2021 ZiPS Projection: Yasmani Grandal
The other player that jumps out is a guy at a position where the Mariners aren’t too bad off. While Wheeler and, to my understanding, Strasburg, would both be Qualifying Offer-eligible and therefore cause the Mariners to forfeit their 3rd-highest draft pick upon signing, Yasmani Grandal will not. He went through that rigamarole last year, leading to his underwhelming 1-year/$18.25M deal with the Brewers. There’s not too much complexity to this signing: Grandal has been one of the top-3 catchers in baseball for the the past five years thanks to brilliant defense and above-average bat-work. He’ll turn 31 in November, but he’s not shown any signs of regression and the projections like him to continue being trusty. The Mariners have had good fortune with Omar Narváez and Tom Murphy this year, but one is brutal defensively and the other is running a >30% gap in the bad way between their strikeouts and walks. Having two switch-hitting catchers is also fun as a concept to me personally, assuming Cal Raleigh makes it to the bigs, and this signing gives Seattle a little flexibility to deal their receivers to fill holes elsewhere.

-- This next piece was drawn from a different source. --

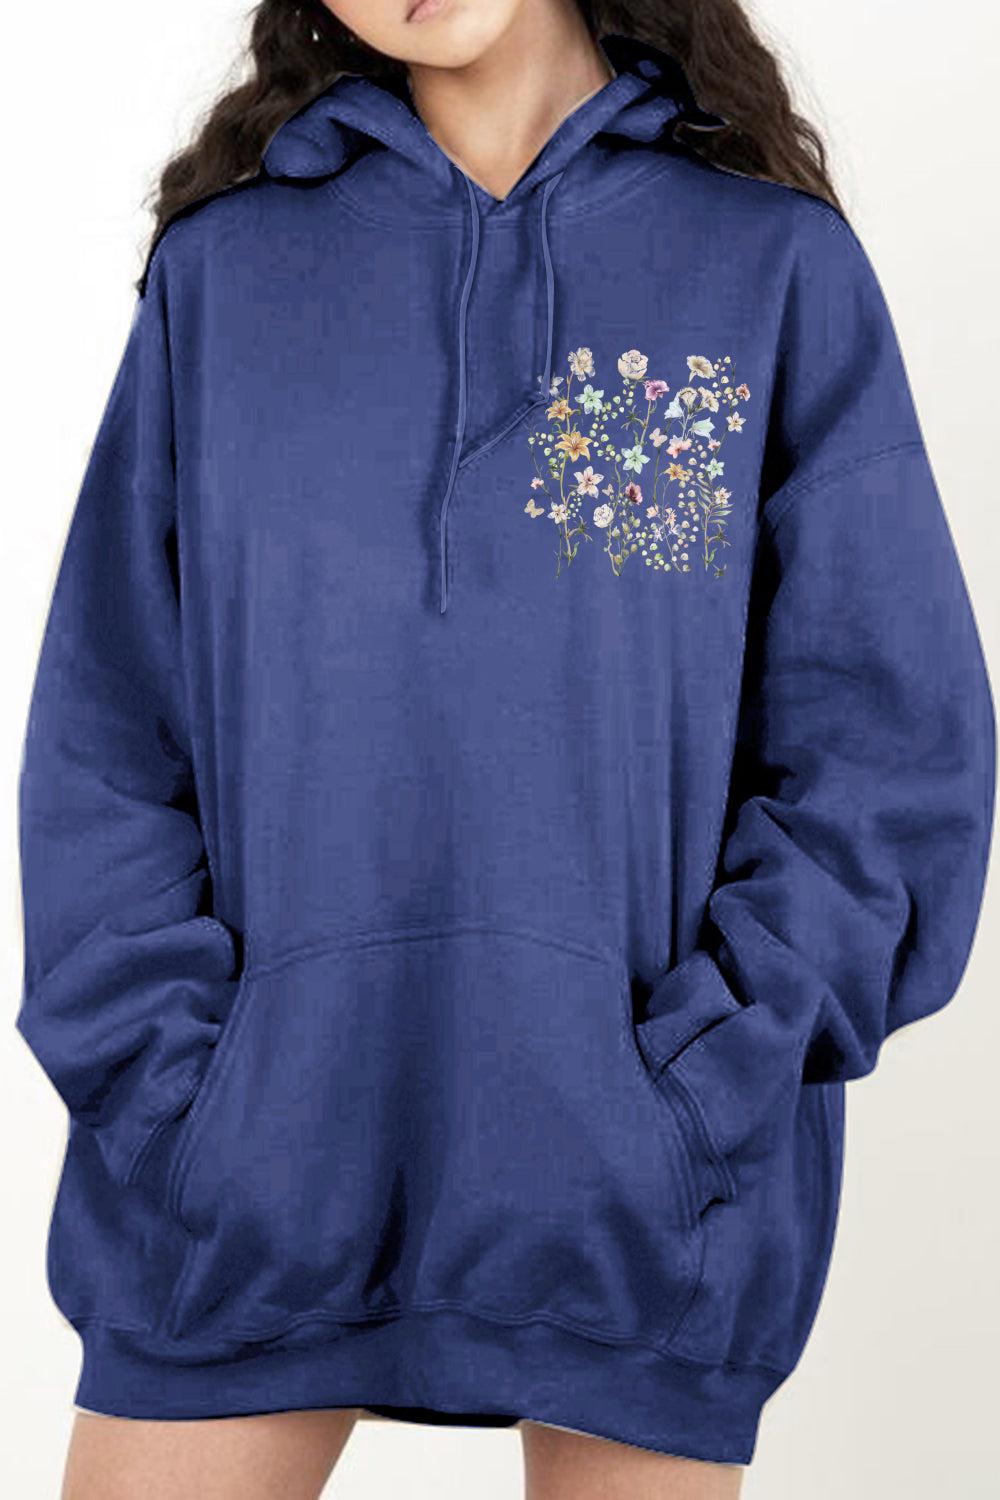 Simply Love Simply Love Full Size Flower Graphic Dropped Shoulder Hoodie BLUE ZONE PLANET
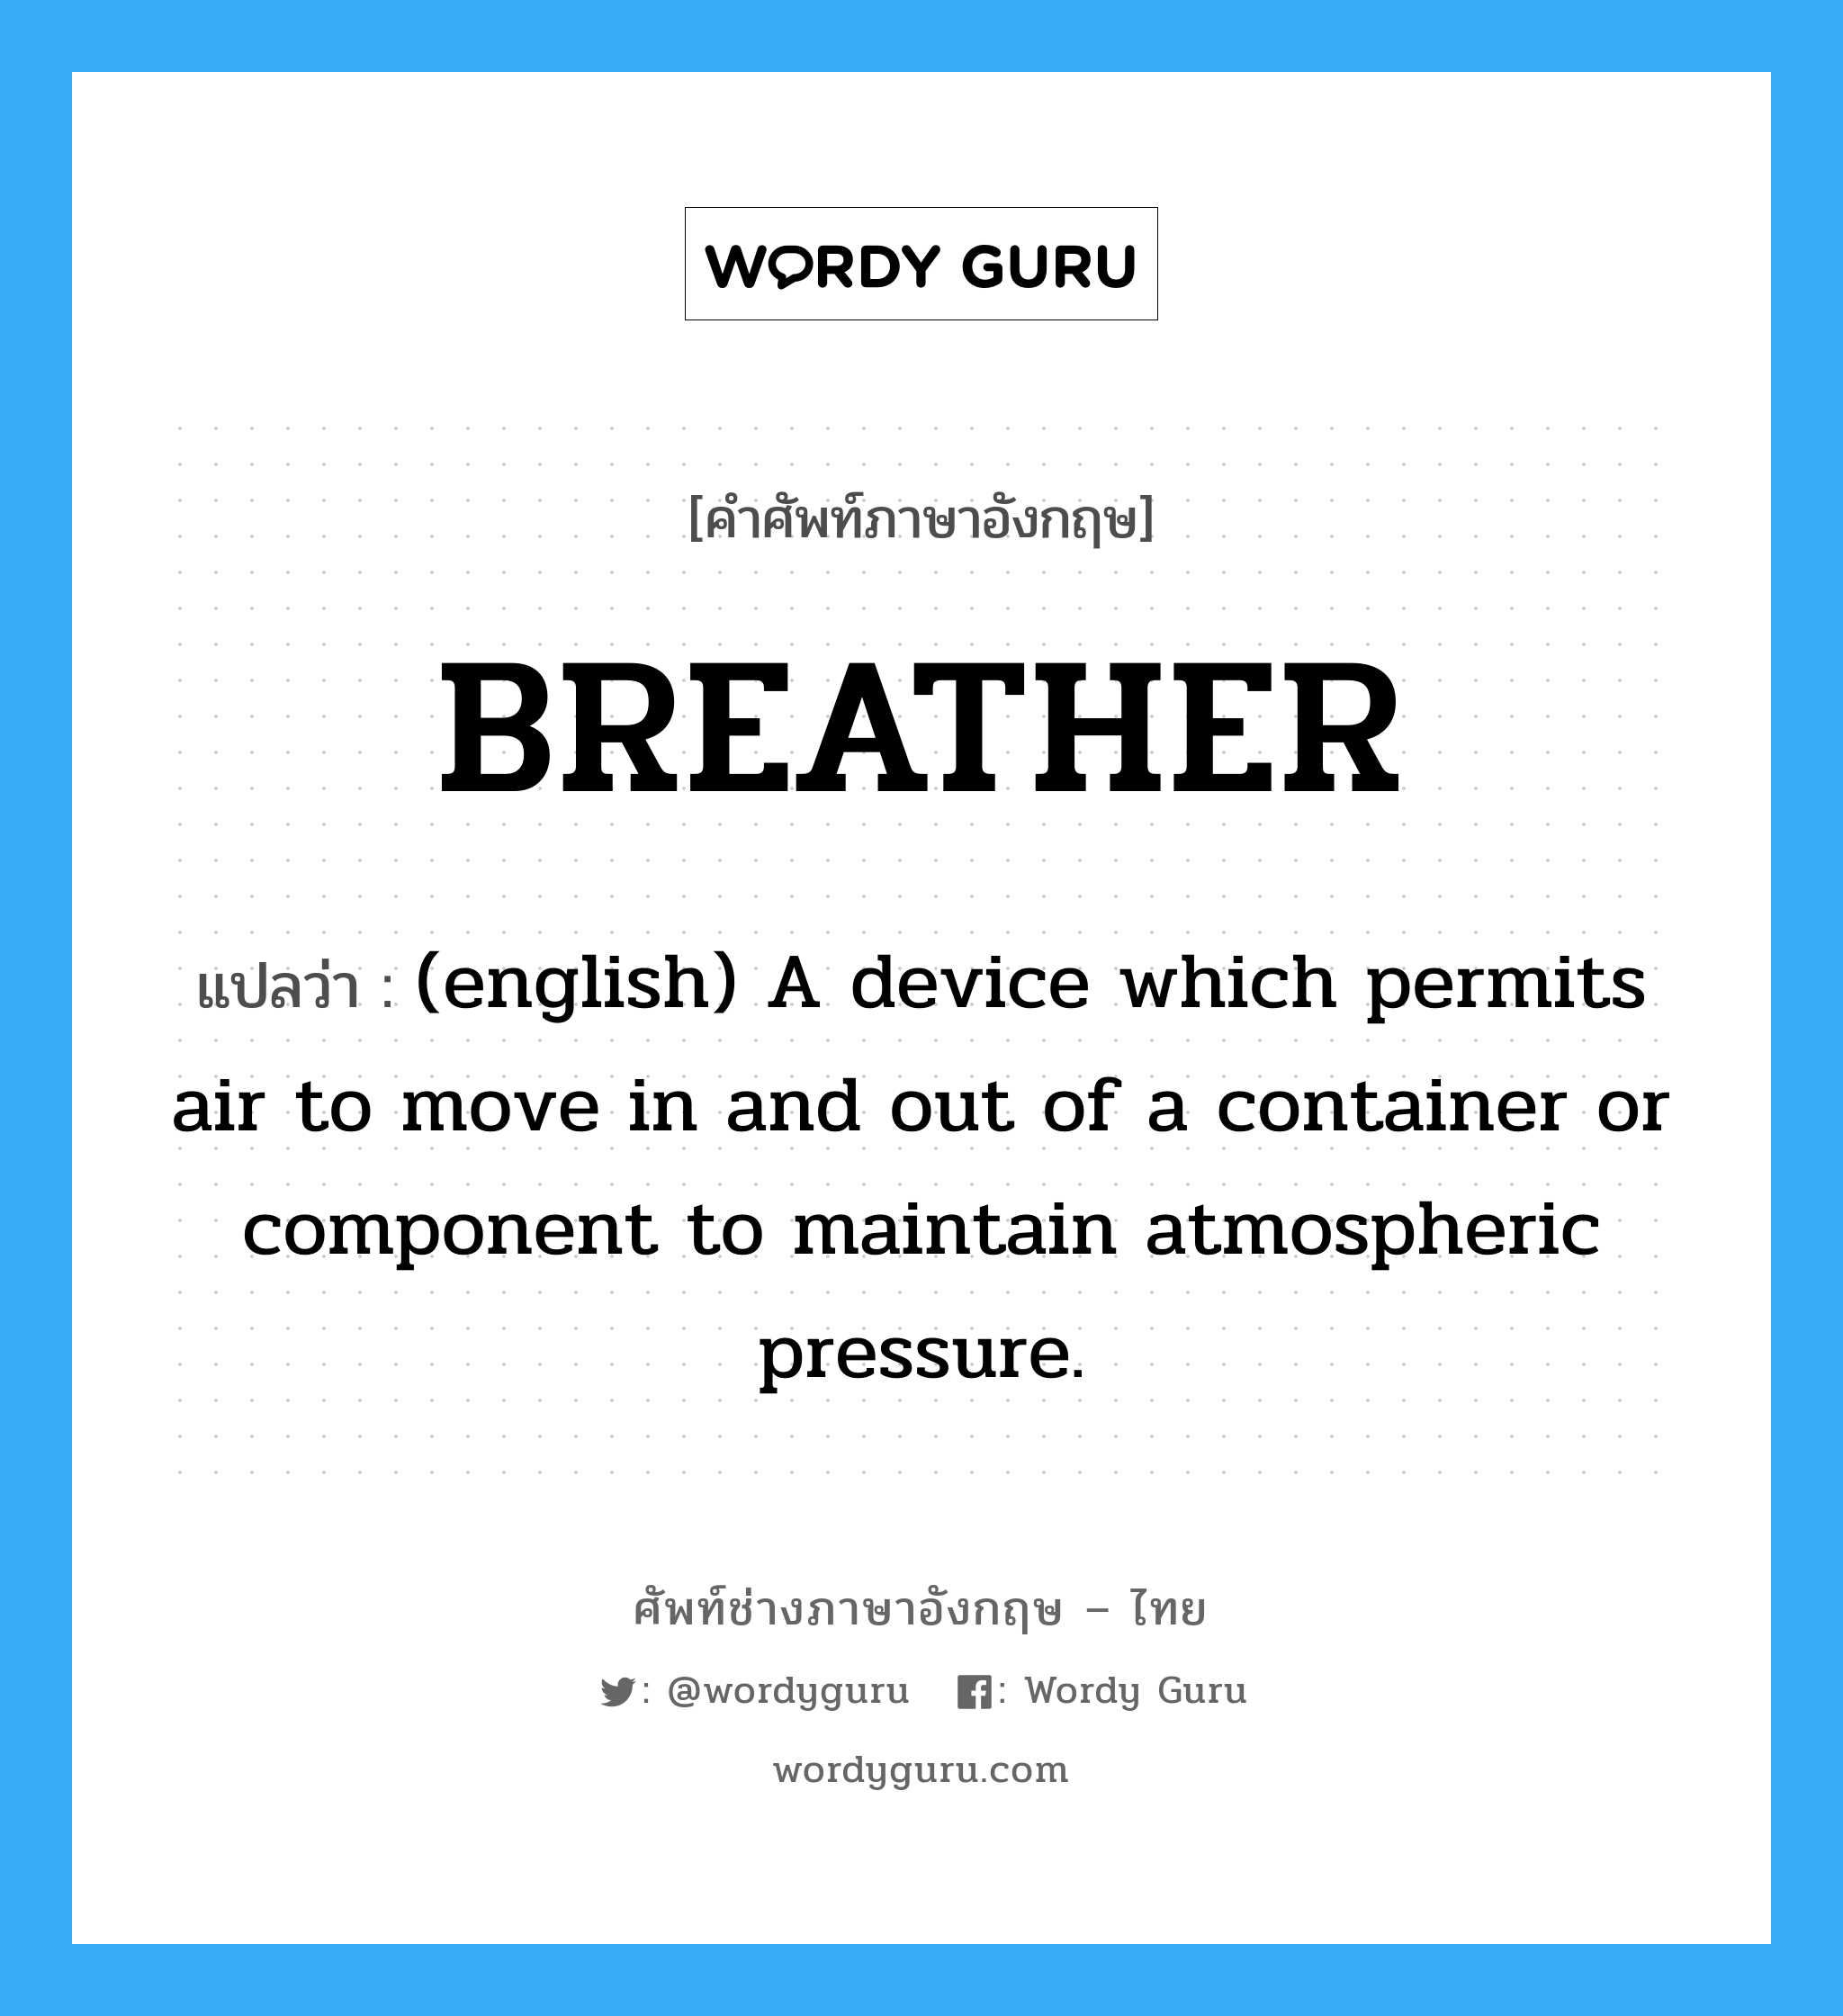 BREATHER แปลว่า?, คำศัพท์ช่างภาษาอังกฤษ - ไทย BREATHER คำศัพท์ภาษาอังกฤษ BREATHER แปลว่า (english) A device which permits air to move in and out of a container or component to maintain atmospheric pressure.

Honorable Mentions: Gerrit Cole: best pitcher on the market, most likely goes somewhere else for more money/immediate competitiveness. Anthony Rendon: same but substitute “position player”. Madison Bumgarner: excellent track record but a couple years of decline after HEAVY workloads, surplus value diminished when not hitting. Marcell Ozuna: High-reward potential buy-low candidate, but plays a position of lesser need. Josh Donaldson: Producing well, but already 33, and not necessarily as likely to dramatically upgrade over alternatives long-term.
For the Mariners to get to where they say they want to be in 2021, they’ll need to add significant impact, and for all Jerry’s trading magic the names above are the most straightforward way of doing so. They can make these additions without hamstringing the development of their youth. As we’ve seen just last offseason with Robinson Canó and again this deadline with Greinke, for as much hand-wringing as goes into veteran contracts, many players signed perform excellently for their teams before being moved. They do not need to constrain a rebuilding team, and beyond a reasonable “it’s not your money” perspective, signing good players is good business and leads to good baseball. In the 2020-21 offseason, there will be another crop of talented players, including J.T. Realmuto, Kiké Hernández, James Paxton, DJ LeMahieu, Marcus Semien, Trevor Bauer, and possibly even Japanese star Tetsudo Yamada. Some will make it to free agency, and others will not, but it will be important then too for Seattle to be active and savvy. Even one or two good signings won’t matter if the development doesn’t surpass the expectations of the projection systems. But improving starts now, and it continues this offseason. Hopefully with a new ace in tow.